Example : Contextual compression

  • Loading our text file using TextLoader,
  • Splitting the text into chunks using RecursiveCharacterTextSplitter,
  • Creating embeddings using OpenAI Embeddings
  • Set up retriever as FAISS
  • Set the LLM as C hatOpenAI (gpt 3.5)
  • Use LLMChainExtractor as the compressor
  • use ContextualCompressionRetriever & get_relevant_documents functions
from langchain.document_loaders import TextLoader
from langchain.embeddings.openai import OpenAIEmbeddings
from langchain.text_splitter import RecursiveCharacterTextSplitter
from langchain.vectorstores import FAISS
from langchain.llms import OpenAI
from langchain.retrievers import ContextualCompressionRetriever
from langchain.retrievers.document_compressors import LLMChainExtractor

# load and split text
loader = TextLoader('../Data/AK_BusyPersonIntroLLM.txt')
documents = loader.load()
text_splitter = RecursiveCharacterTextSplitter(chunk_size=1000,
chunk_overlap=200)
docs = text_splitter.split_documents(documents)
# save as vector embeddings
retriever = FAISS.from_documents(docs,
OpenAIEmbeddings(
openai_api_key=openai_api_key)).as_retriever()

# use a compressor
llm = OpenAI(temperature=0, openai_api_key=openai_api_key)
compressor = LLMChainExtractor.from_llm(llm)
compression_retriever = ContextualCompressionRetriever(
base_compressor=compressor,
base_retriever=retriever)

query = "What did Andrej say about LLM operating system?"

# retrieve docs
compressed_docs = compression_retriever.get_relevant_documents(query)

# print docs
for i, doc in enumerate(unique_docs):
print(f"{i + 1}.", doc.page_content, "\n")

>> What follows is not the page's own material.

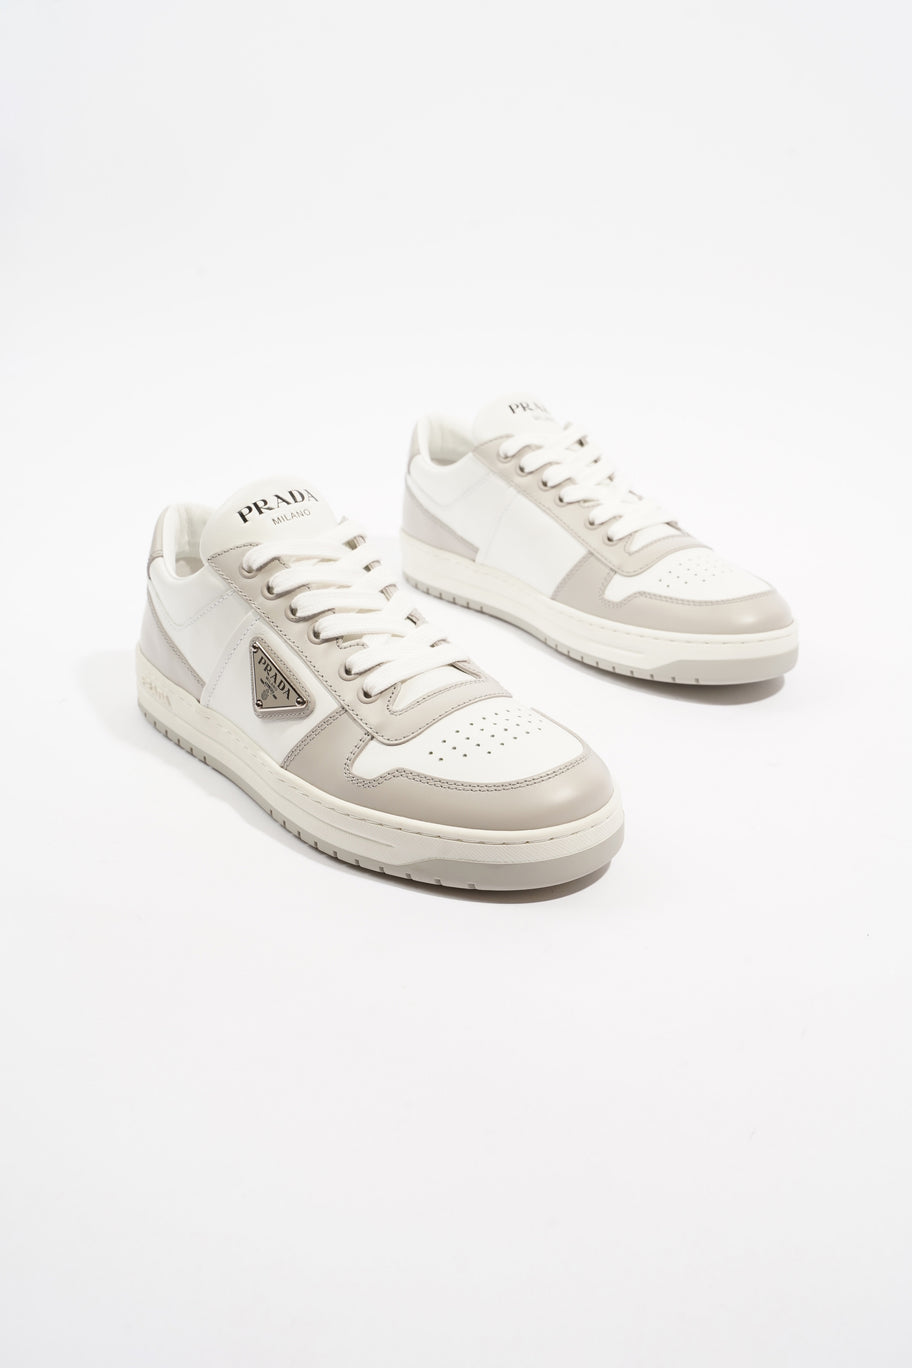 Downtown Sneaker White / Grey Leather EU 40 UK 7 Image 2

The dynamic landscape of retrieval methods, as highlighted by LangChain’s 2023 State of AI survey, showcases the ongoing advancements in the field. By understanding and implementing these strategies, practitioners can navigate the intricacies of document retrieval, enabling the generation of more informed and contextually relevant responses.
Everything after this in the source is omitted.